- _TASK BRIEF_
Repeat the entire listing exactly. Omit all pictures.

- _DATA EXCERPT_
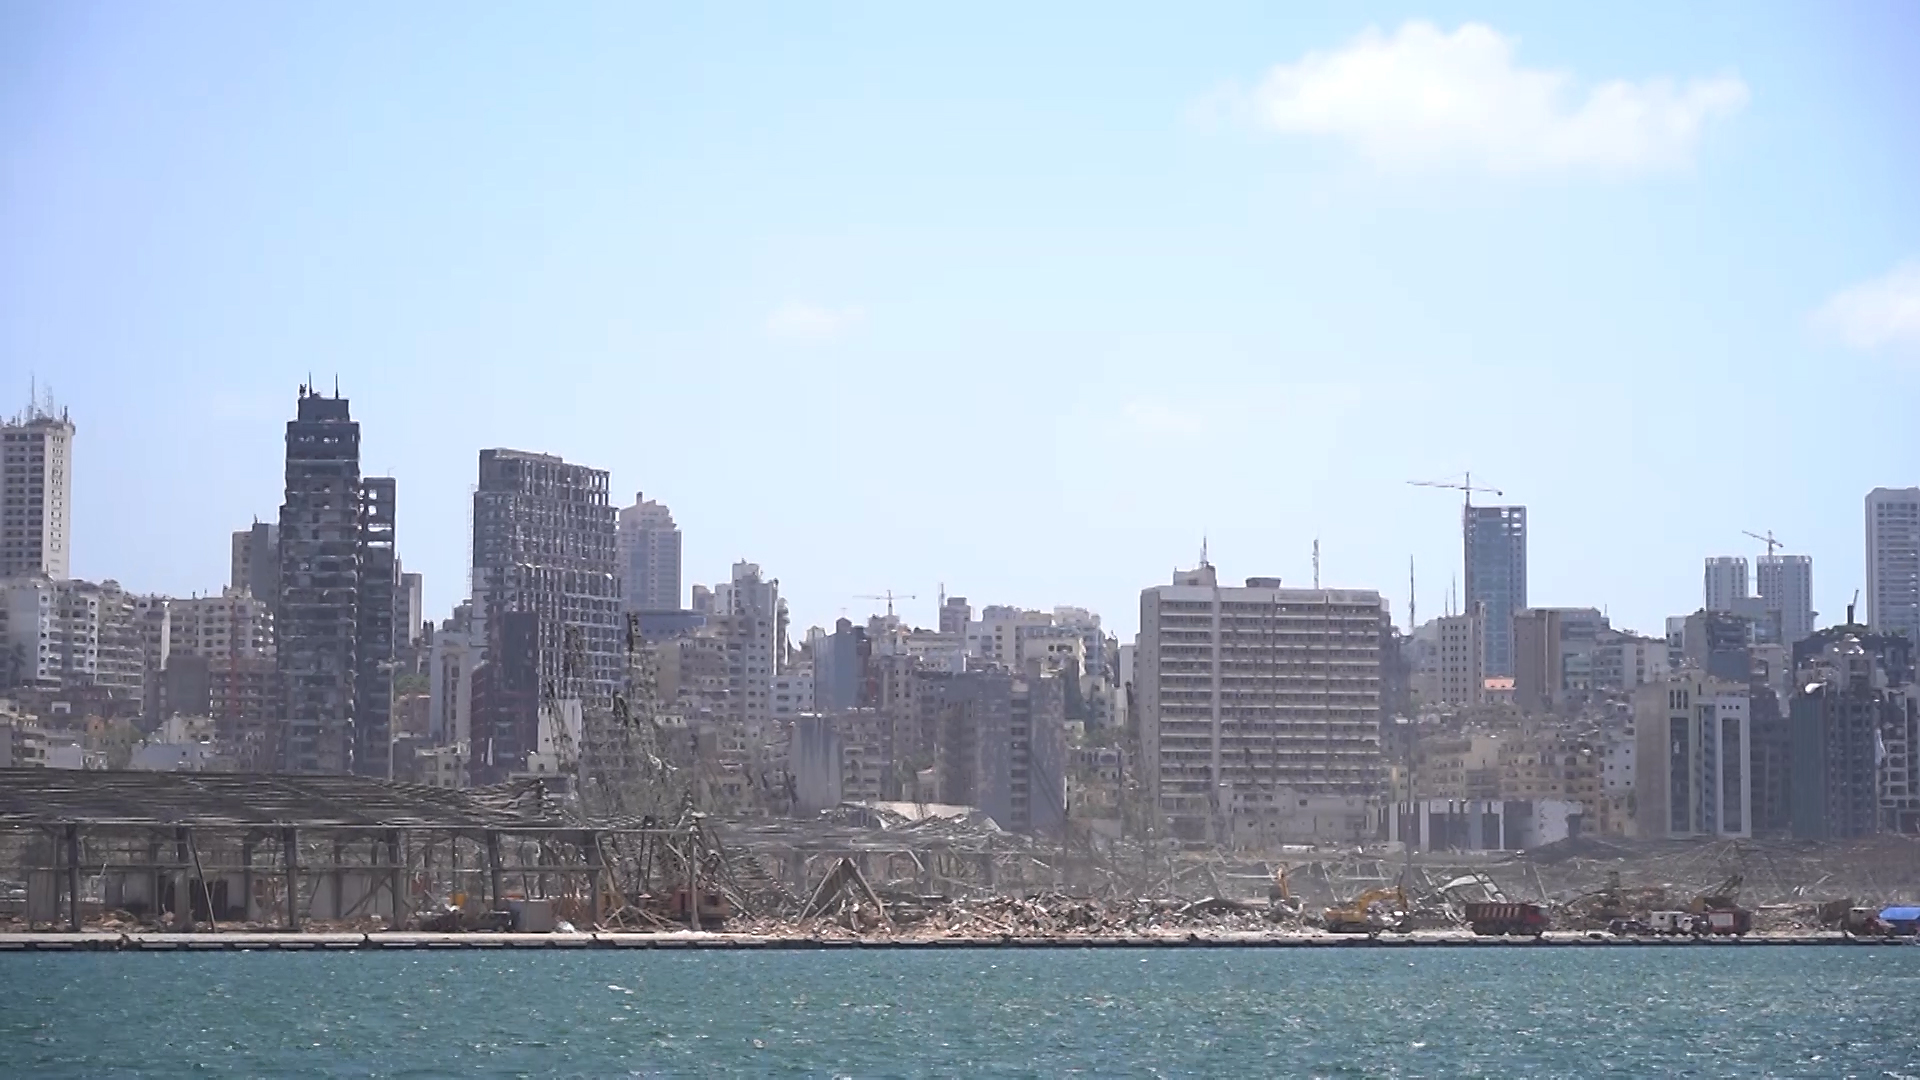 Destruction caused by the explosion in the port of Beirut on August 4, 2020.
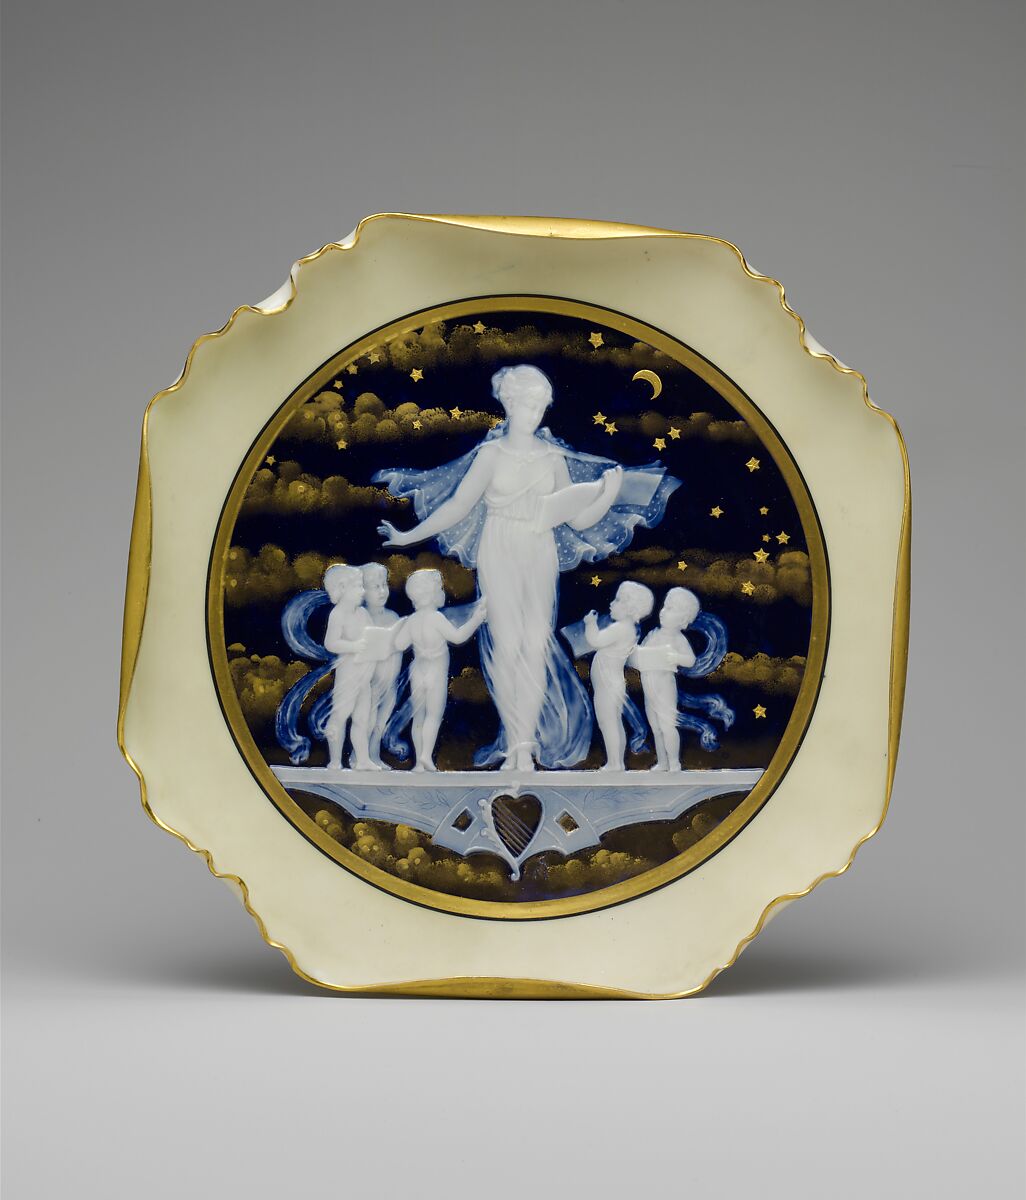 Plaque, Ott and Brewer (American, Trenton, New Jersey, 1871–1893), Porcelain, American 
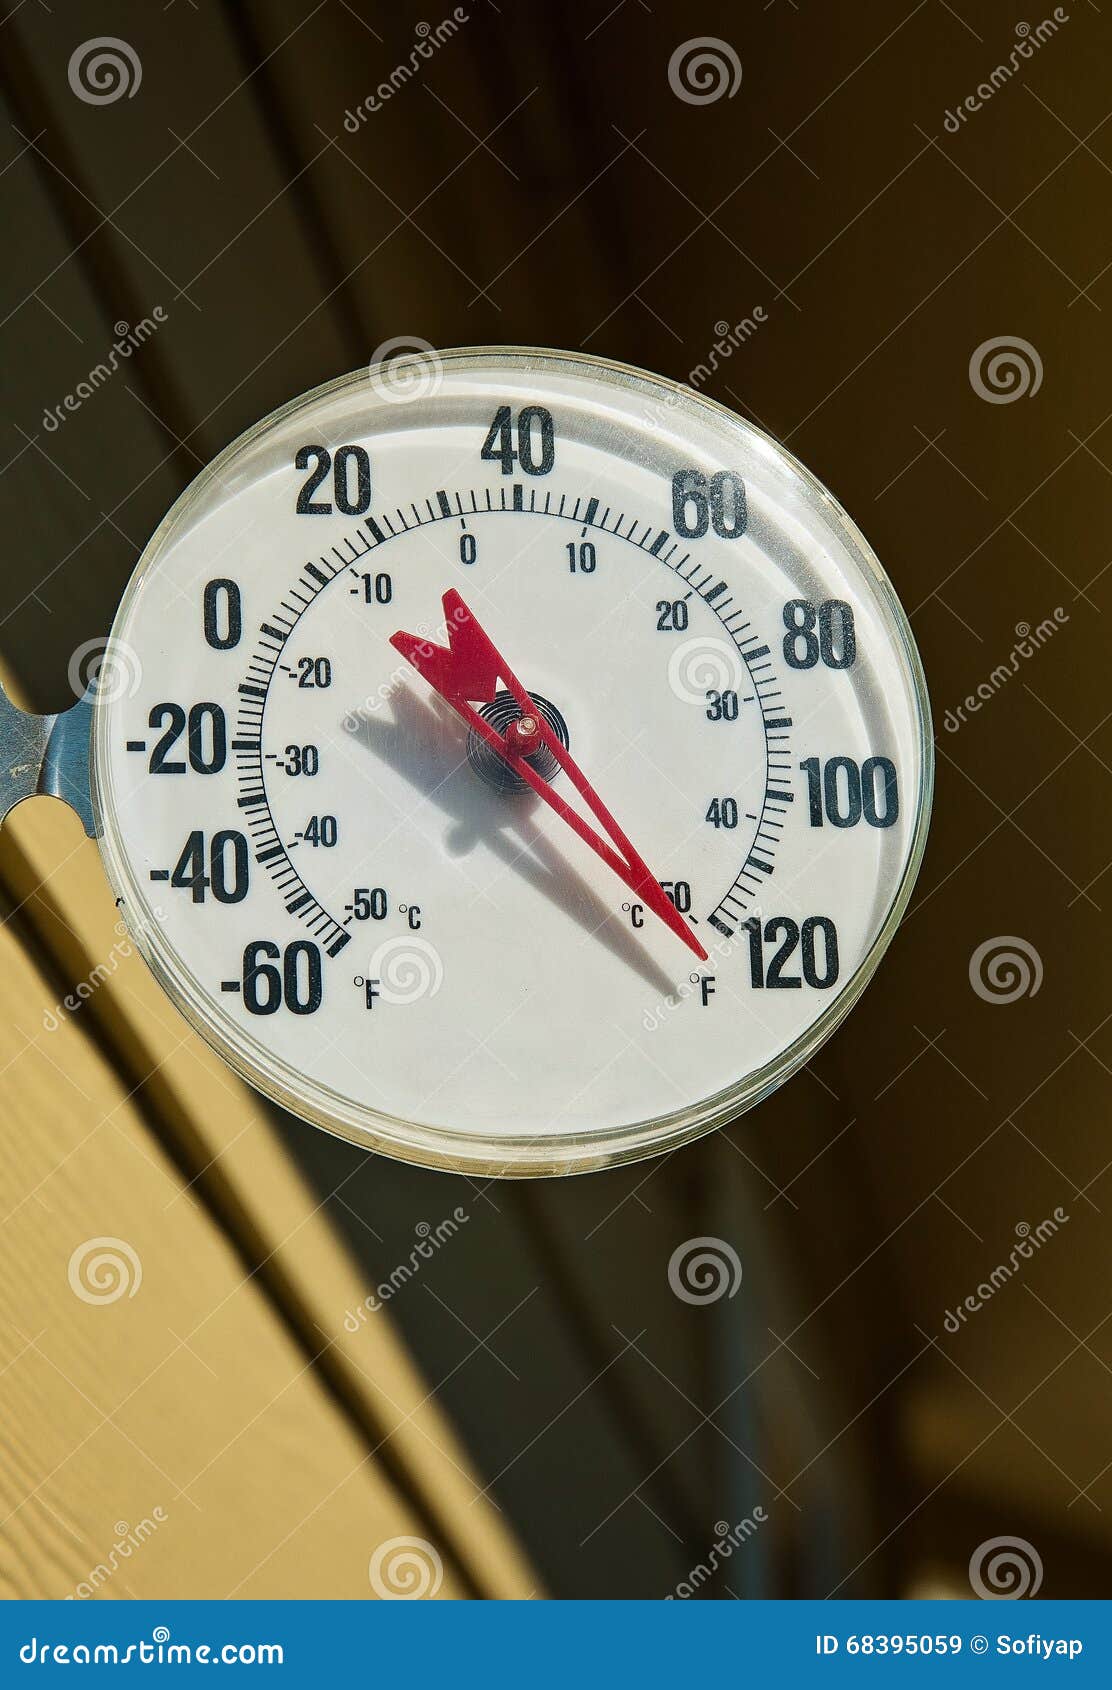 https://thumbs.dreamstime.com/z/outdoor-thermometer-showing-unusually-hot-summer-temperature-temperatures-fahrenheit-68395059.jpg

- _PROBLEM SOLUTION_
 Destruction caused by the explosion in the port of Beirut on August 4, 2020.
 Plaque, Ott and Brewer (American, Trenton, New Jersey, 1871–1893), Porcelain, American 
 https://thumbs.dreamstime.com/z/outdoor-thermometer-showing-unusually-hot-summer-temperature-temperatures-fahrenheit-68395059.jpg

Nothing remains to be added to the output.